14. RESUSPENSION OF RISPERDAL^® CONSTA^® WILL BE NECESSARY PRIOR TO ADMINISTRATION, AS SETTLING WILL OCCUR OVER TIME ONCE PRODUCT IS RECONSTITUTED. RESUSPEND THE MICROSPHERES IN THE SYRINGE BY SHAKING VIGOROUSLY.
15. While holding the white collar of the syringe, pull the transparent needle sheath straight away from the needle. DO NOT TWIST the sheath, as the luer connections may be loosened.
    
16. Tap the syringe gently to make any air bubbles rise to the top. Remove air in syringe by depressing the plunger rod, carefully and slowly, while holding the needle in an upright position. Inject the entire contents of the syringe intramuscularly (IM) into the selected gluteal or deltoid muscle of the patient immediately. Gluteal injection should be made into the upper-outer quadrant of the gluteal area. DO NOT ADMINISTER INTRAVENOUSLY.
    
    
    

    WARNING: To avoid a needle stick injury with a contaminated needle:

    • Do not use free hand to press the Needle-Pro^® safety device over the needle.
    • Do not intentionally disengage the Needle-Pro^® safety device.
    • Do not attempt to straighten the needle or engage the Needle-Pro^® safety device if the needle is bent or damaged.
    • Do not mishandle the Needle-Pro^® safety device, as it may cause the needle to protrude from the Needle-Pro^® safety device.
17. After the injection is complete, press the needle into the orange Needle-Pro^® safety device using a one-handed technique. Perform a one-handed technique by GENTLY pressing the orange Needle-Pro^® safety device against a flat surface. AS THE ORANGE NEEDLE-PRO^® SAFETY DEVICE IS PRESSED, THE NEEDLE WILL FIRMLY ENGAGE INTO THE ORANGE NEEDLE-PRO^® SAFETY DEVICE. Visually confirm that the needle is fully engaged into the orange Needle-Pro^® safety device before discarding. Discard needle appropriately. Also discard the other (unused) needle provided in the dose pack.
    

    

Stability after reconstitution: Once in suspension, the product may remain at room temperature (do not expose to temperatures above 77ºF (25ºC)). RISPERDAL^® CONSTA^® must be used within 6 hours of suspension, but should always be resuspended prior to administration if not used immediately.

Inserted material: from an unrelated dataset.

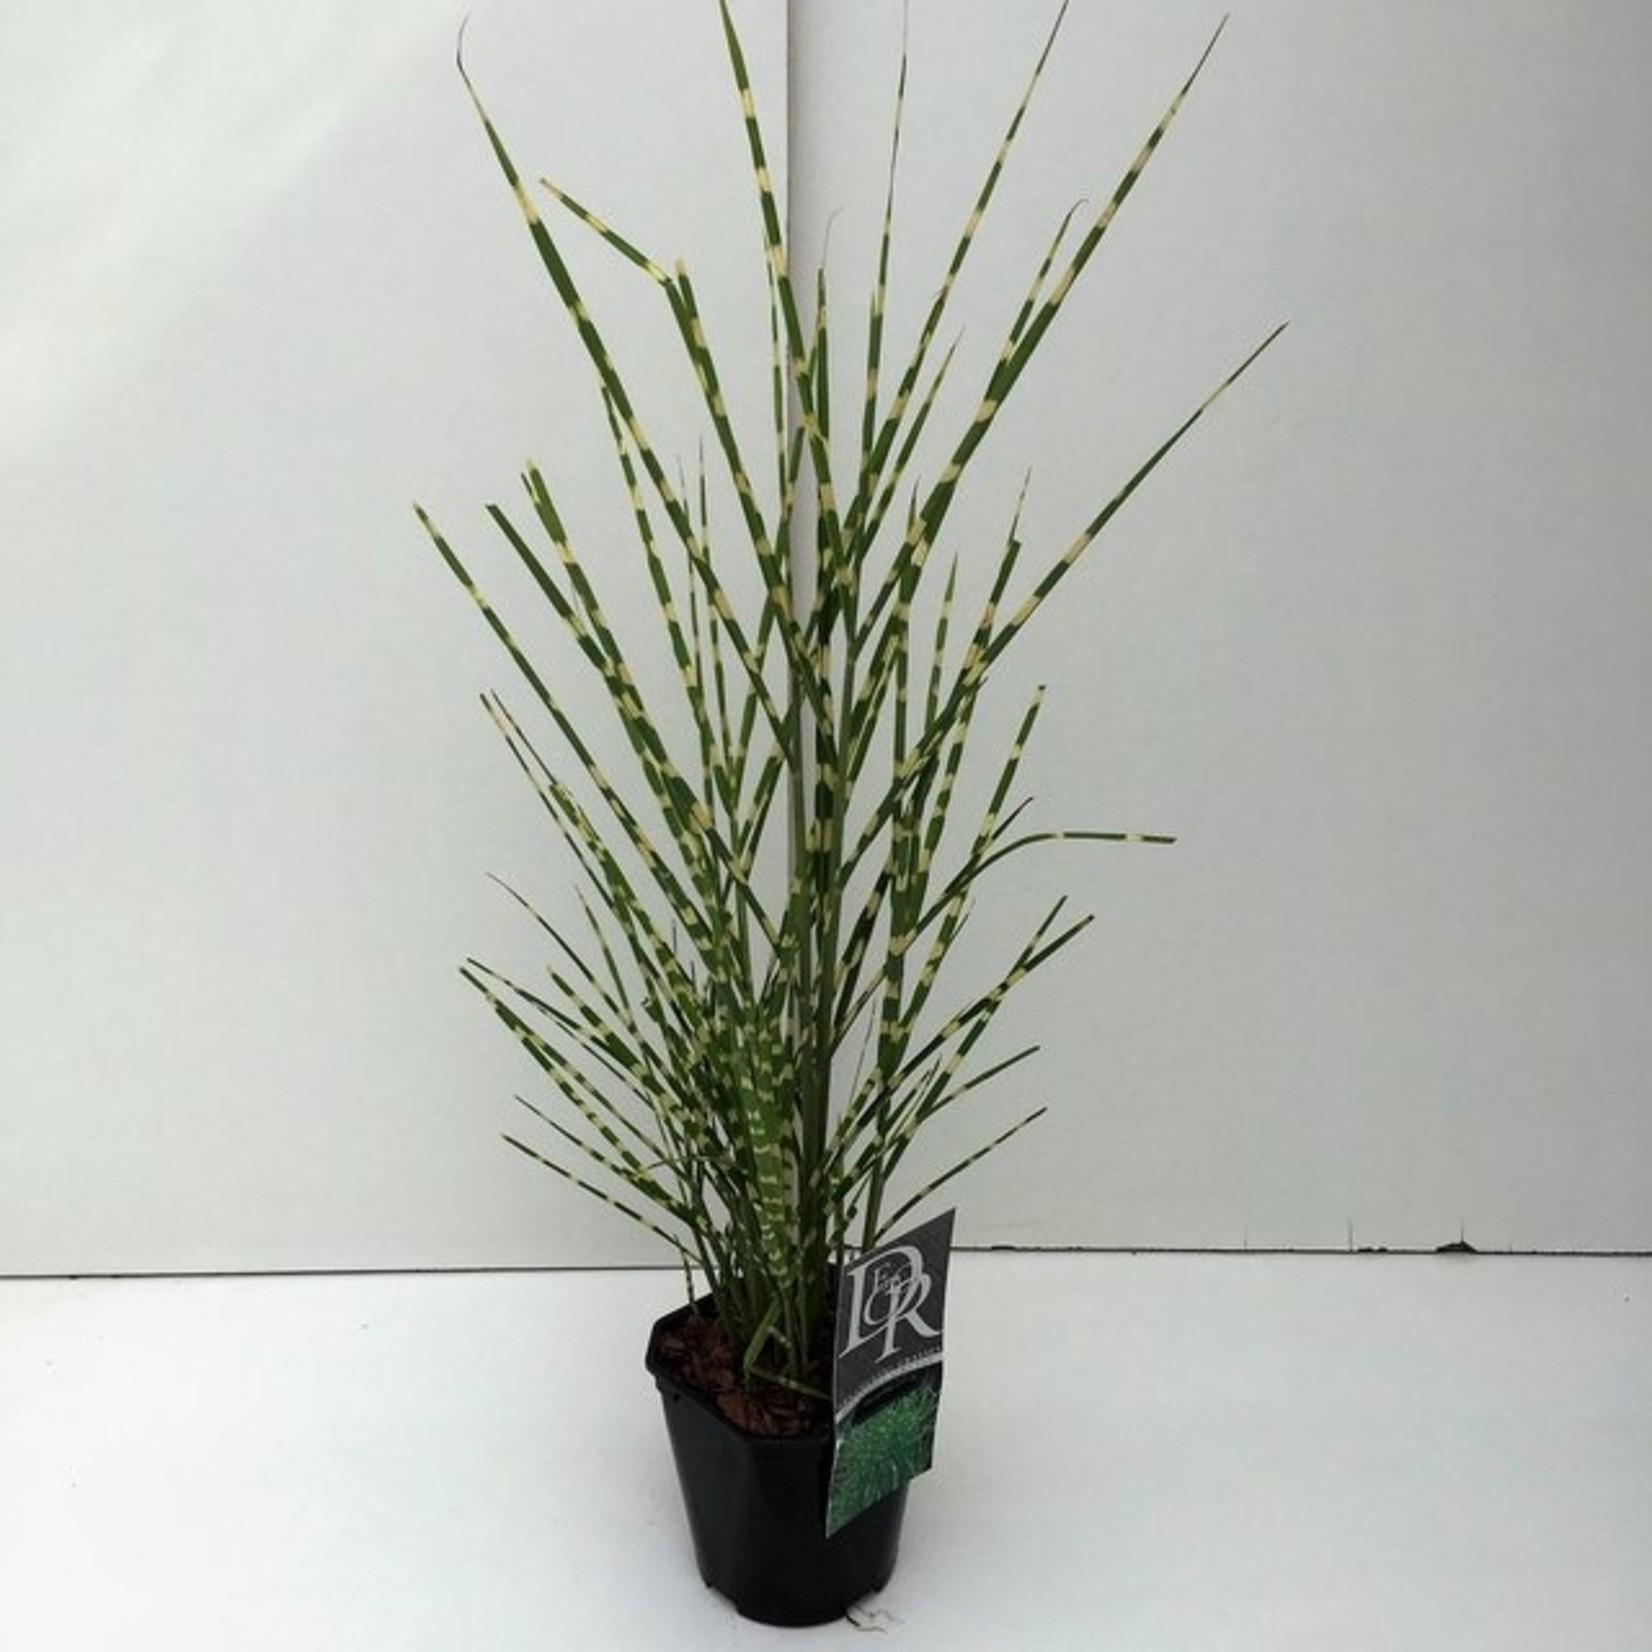 Miscanthus sinensis 'Strictus' (Prachtriet)

Parenteral drug products should be inspected visually for particulate matter and discoloration prior to administration, whenever solution and container permit.

Do Not Reuse: Medical devices require specific material characteristics to perform as intended. These characteristics have been verified for single use only. Any attempt to reprocess the device for subsequent reuse may adversely affect the integrity of the device or lead to deterioration in performance.